> **ASSIGNED TASK**: Your copy runs from the line containing "場面転換に使えるポップでかわいい上昇音の再生済みの波形" through the last line of the listing, both included. Restate those lines word for word and leave out pictures.

> **INFORMATION SHOWN**:
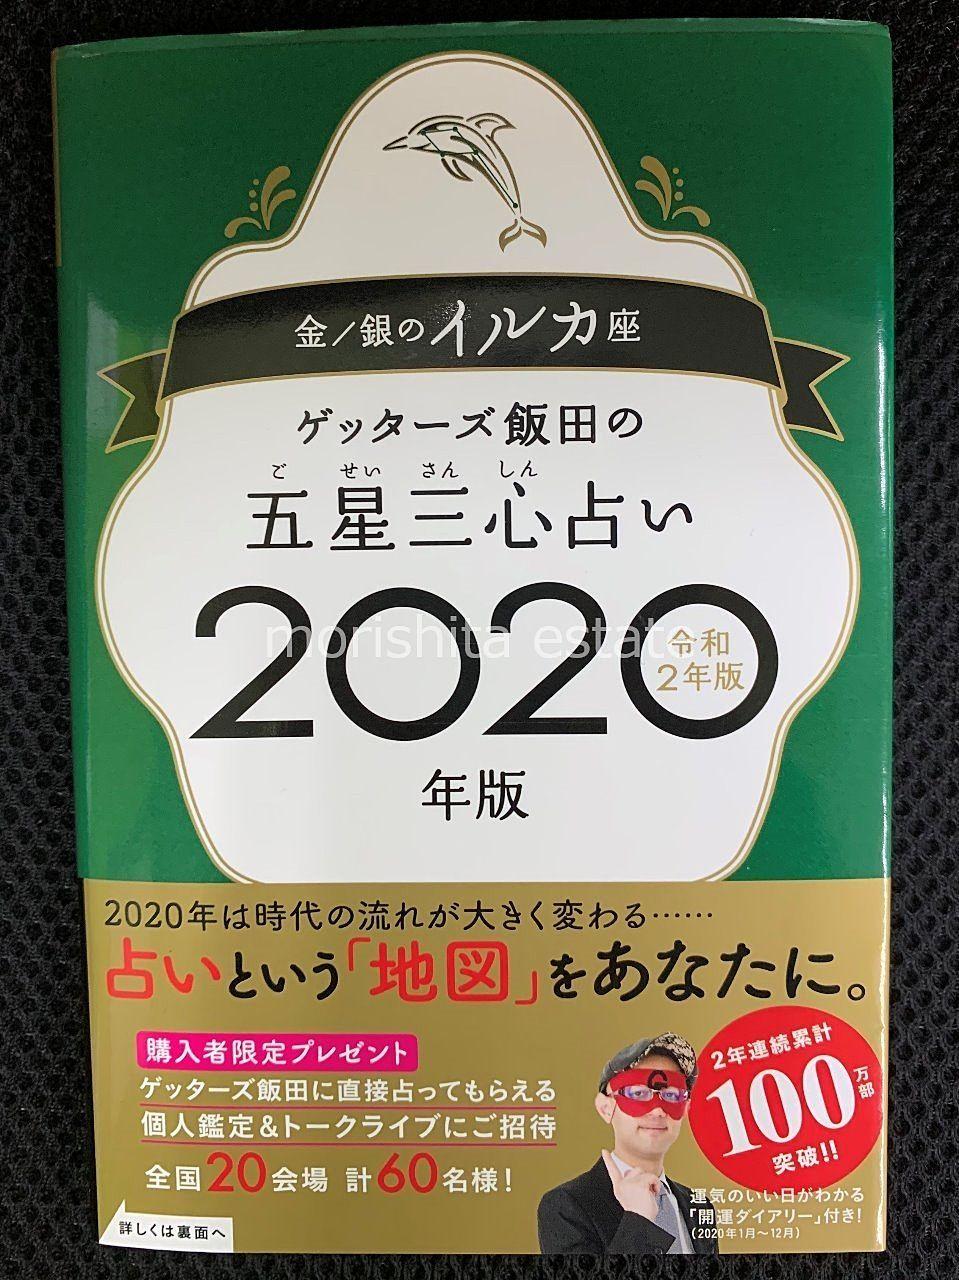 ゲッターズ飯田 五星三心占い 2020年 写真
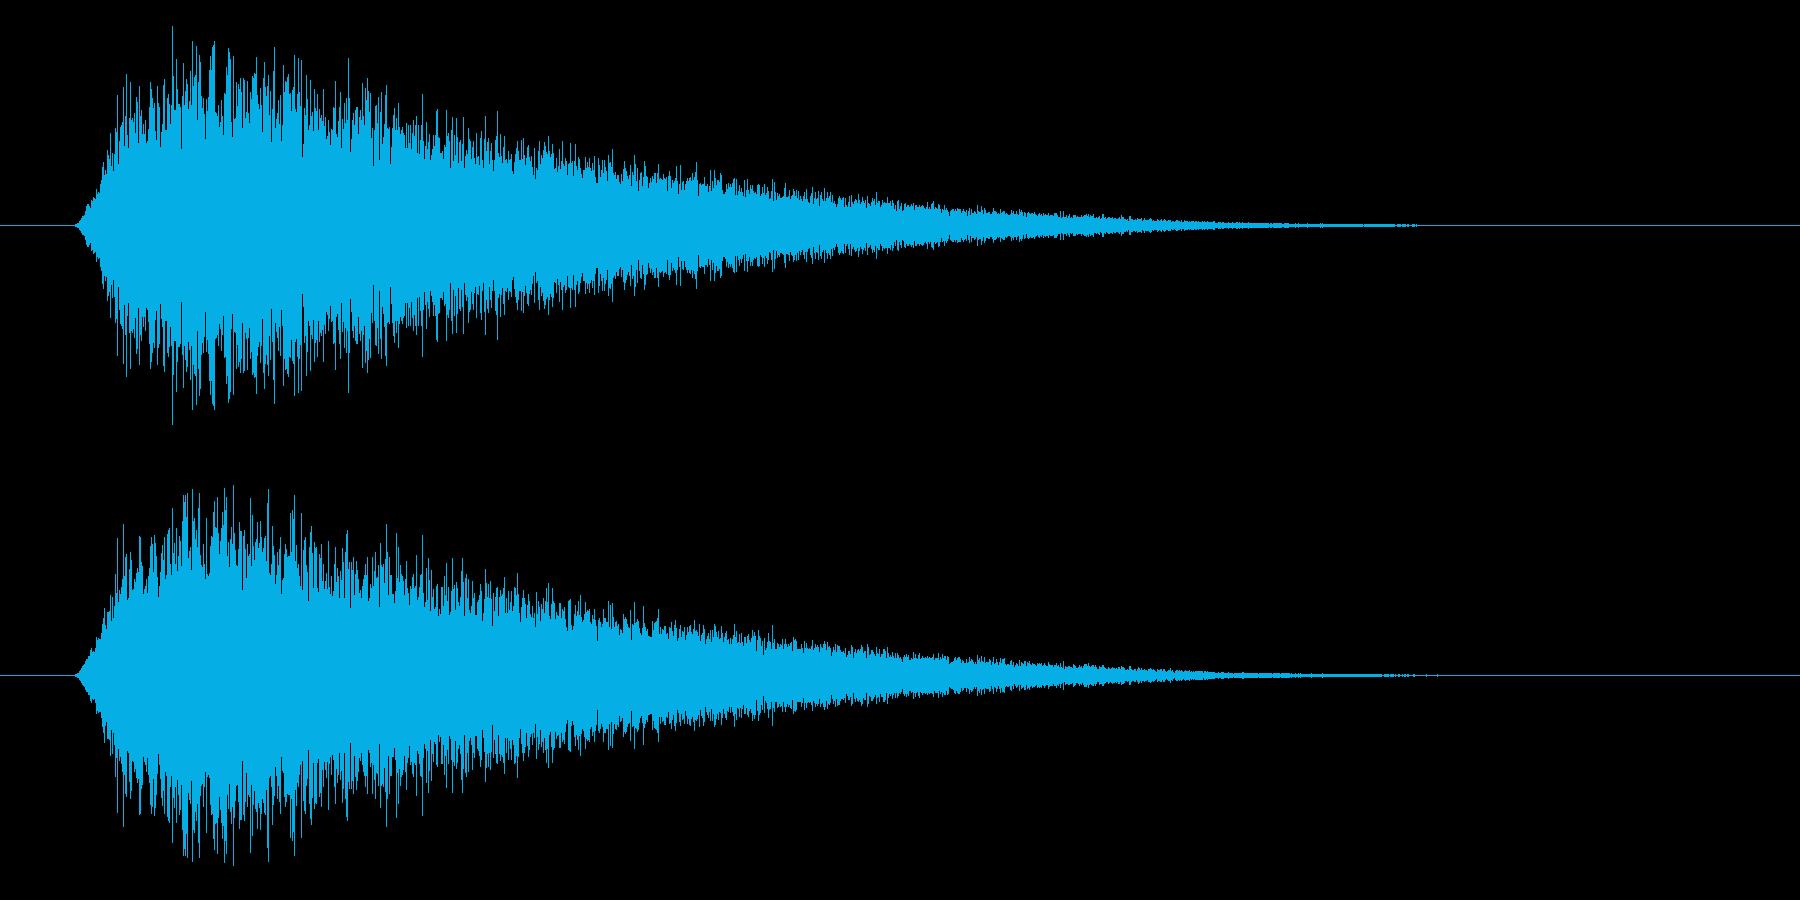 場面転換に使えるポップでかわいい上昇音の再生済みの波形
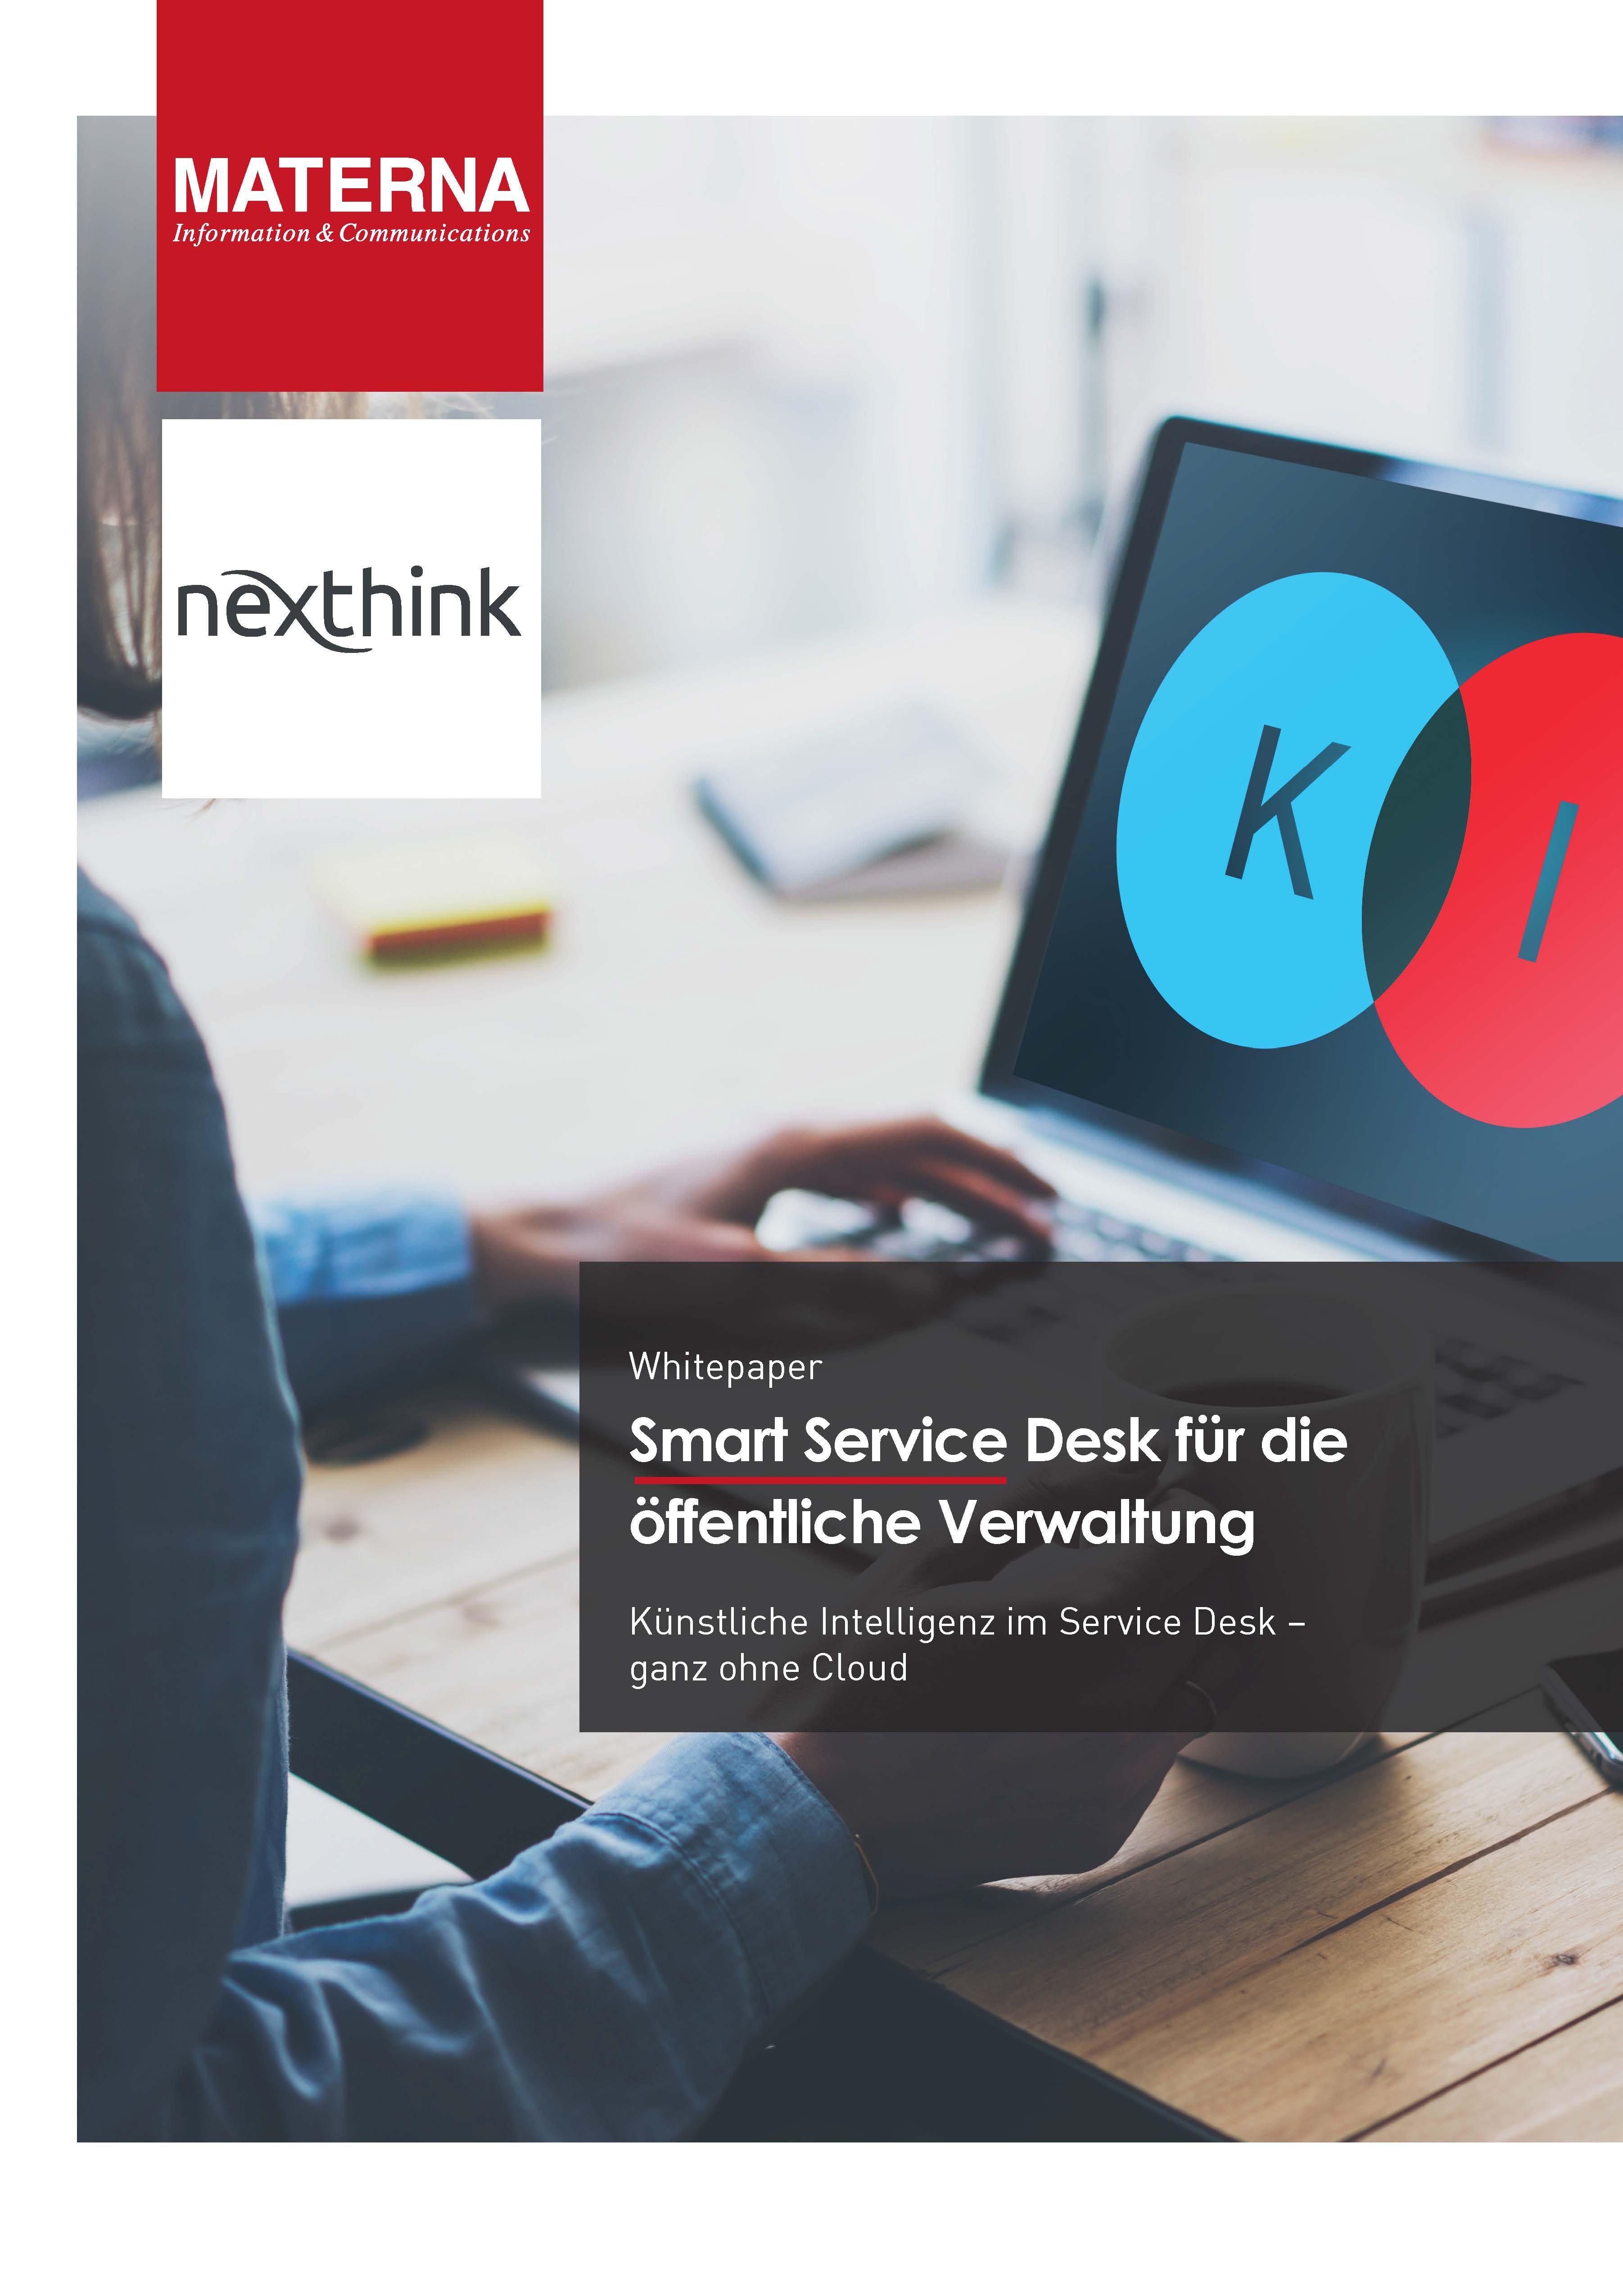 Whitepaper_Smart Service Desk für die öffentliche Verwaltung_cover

> **SOLUTION TO THIS EXERCISE**:
 場面転換に使えるポップでかわいい上昇音の再生済みの波形
 Whitepaper_Smart Service Desk für die öffentliche Verwaltung_cover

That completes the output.